Requests implements most of the functions of the HTTP protocol, it provides features such as keep-alive, connection pooling, cookie persistence, content auto-decompression, HTTP proxy, SSL authentication and many other features. The following article mainly introduces the Python crawler in the introduction of the elegant HTTP library requests related information, the need for friends can refer to.
Objective
Urllib, Urllib2, URLLIB3, Httplib, and HTTPLIB2 are all Python modules that are related to HTTP, and the name is very anti-human, and worse, these modules differ greatly in Python2 and Python3, If your business code is compatible with both 2 and 3, writing can be a crash.
# GET Request >>> response = Requests.get (foofish.net)
Fortunately, there is also a very stunning HTTP library called requests, which is one of GitHUb's most watched Python projects, and requests's author is Kenneth Reitz, the great God.
Requests implements most of the functions of the HTTP protocol, which includes features such as keep-alive, connection pooling, cookie persistence, content auto-decompression, HTTP proxy, SSL authentication, connection timeout, session and so on, and most importantly, it is compatible Python2 and Python3. Requests installation can be directly using the PIP method: Pip Install requests
Send Request
>>> Import Requests
Response Content
The value returned by the request is a Response object, the Response object is the encapsulation of the response data returned to the browser by the server in the HTTP protocol, and the main elements in the response are: status code, reason phrase, response header, response body, and so on, which are encapsulated in the Response object.

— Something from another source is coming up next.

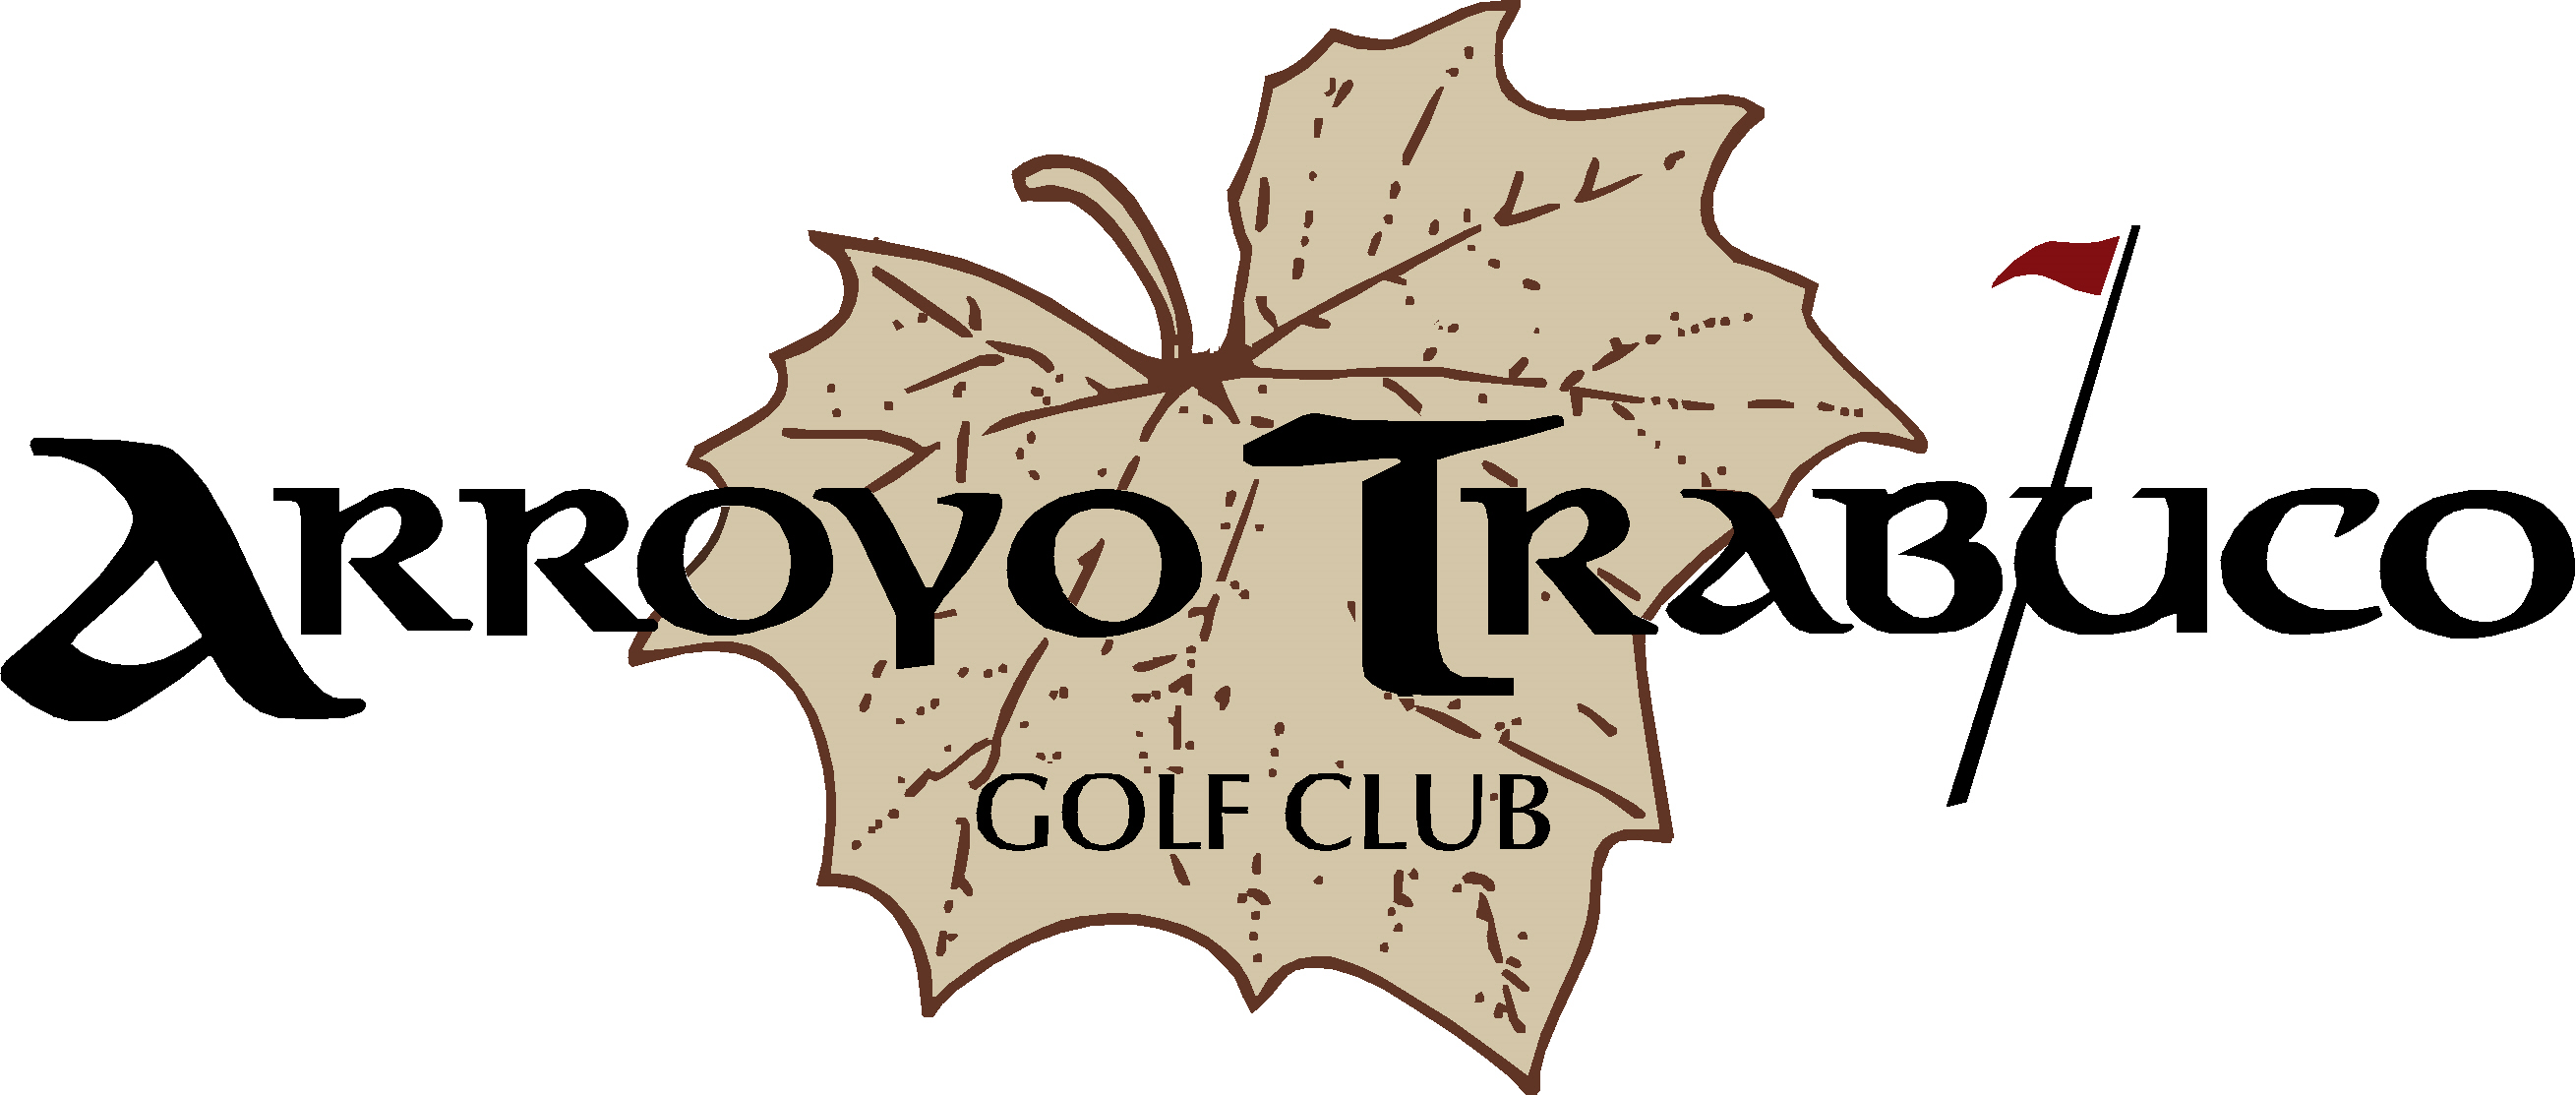 Arroyo Trabuco Golf Club logo

# status Code >>> response.status_code200# reason phrase >>> Response.reason ' OK ' # response header >>> for Name,value in Response.headers.items (): ... Print ("%s:%s"% (name, value)) ... Content-encoding:gzipserver:nginx/1.10.2date:thu, APR 16:28:01 gmt# response content >>> Response.content ' < Html><body> omitted 10,000 words here ...</body>
In addition to supporting GET requests, requests supports all other methods in the HTTP specification, including POST, PUT, Deltet, Headt, and options methods.

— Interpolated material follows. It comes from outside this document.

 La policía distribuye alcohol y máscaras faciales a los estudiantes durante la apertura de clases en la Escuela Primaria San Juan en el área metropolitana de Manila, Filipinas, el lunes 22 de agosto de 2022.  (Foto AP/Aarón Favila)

>>> r = requests.post (' http://httpbin.org/post ', data = {' key ': ' Value '}) >>> r = Requests.put (' http:// Httpbin.org/put ', data = {' key ': ' Value '}) >>> r = Requests.delete (' http://httpbin.org/delete ') >>> r = Requests.head (' Http://httpbin.org/get ') >>> r = requests.options (' Http://httpbin.org/get ')
Query parameters
Many URLs have a long string of parameters, we call these parameters the query parameters of the URL, with "?" Appended to the URL link, multiple parameters are separated by "&", for example: http://fav.foofish.net/?p=4&s=20, now you can use a dictionary to construct query parameters:
>>> args = {"P": 4, "s": 20}>>> response = Requests.get ("http://fav.foofish.net", params = args) >> > Response.url ' http://fav.foofish.net/?p=4&s=2 '
Request Header
Requests can simply specify the request header field Headers, for example, sometimes to specify user-agent masquerading as a browser to send requests to deceive the server. Pass a Dictionary object directly to the parameter headers.
>>> r = requests.get (URL, headers={' user-agent ': ' mozilla/5.0 '})
Request Body
Requests can be very flexible to build the data required for the POST request, if the server requires the data sent is form data, you can specify the keyword parameter data, if you want to pass the JSON format string parameters, you can use the JSON keyword parameter, the value of the parameter can be passed in the form of a dictionary.
Data transfer to the server as a form
>>> payload = {' Key1 ': ' value1 ', ' key2 ': ' value2 '}>>> r = requests.post ("Http://httpbin.org/post", Data=payload)
Transfer to server as a string format in JSON format
>>> import json>>> url = ' http://httpbin.org/post ' >>> payload = {' Some ': ' Data '}>>> r = Requests.post (URL, json=payload)
Response Content
An important part of the response message returned by HTTP is the response body, which is very flexible to handle in requests, with the properties associated with the response body: content, text, JSON ().
Content is a byte type that is suitable for saving directly to a file system or to a network
>>> r = Requests.get ("https://pic1.zhimg.com/v2-2e92ebadb4a967829dcd7d05908ccab0_b.jpg") >>> type (r.content) <class ' bytes ' ># saved as test.jpg>>> with open ("Test.jpg", "WB") as F: ... F.write (r.content)
Text is a str type, such as a normal HTML page, which requires text to be parsed further.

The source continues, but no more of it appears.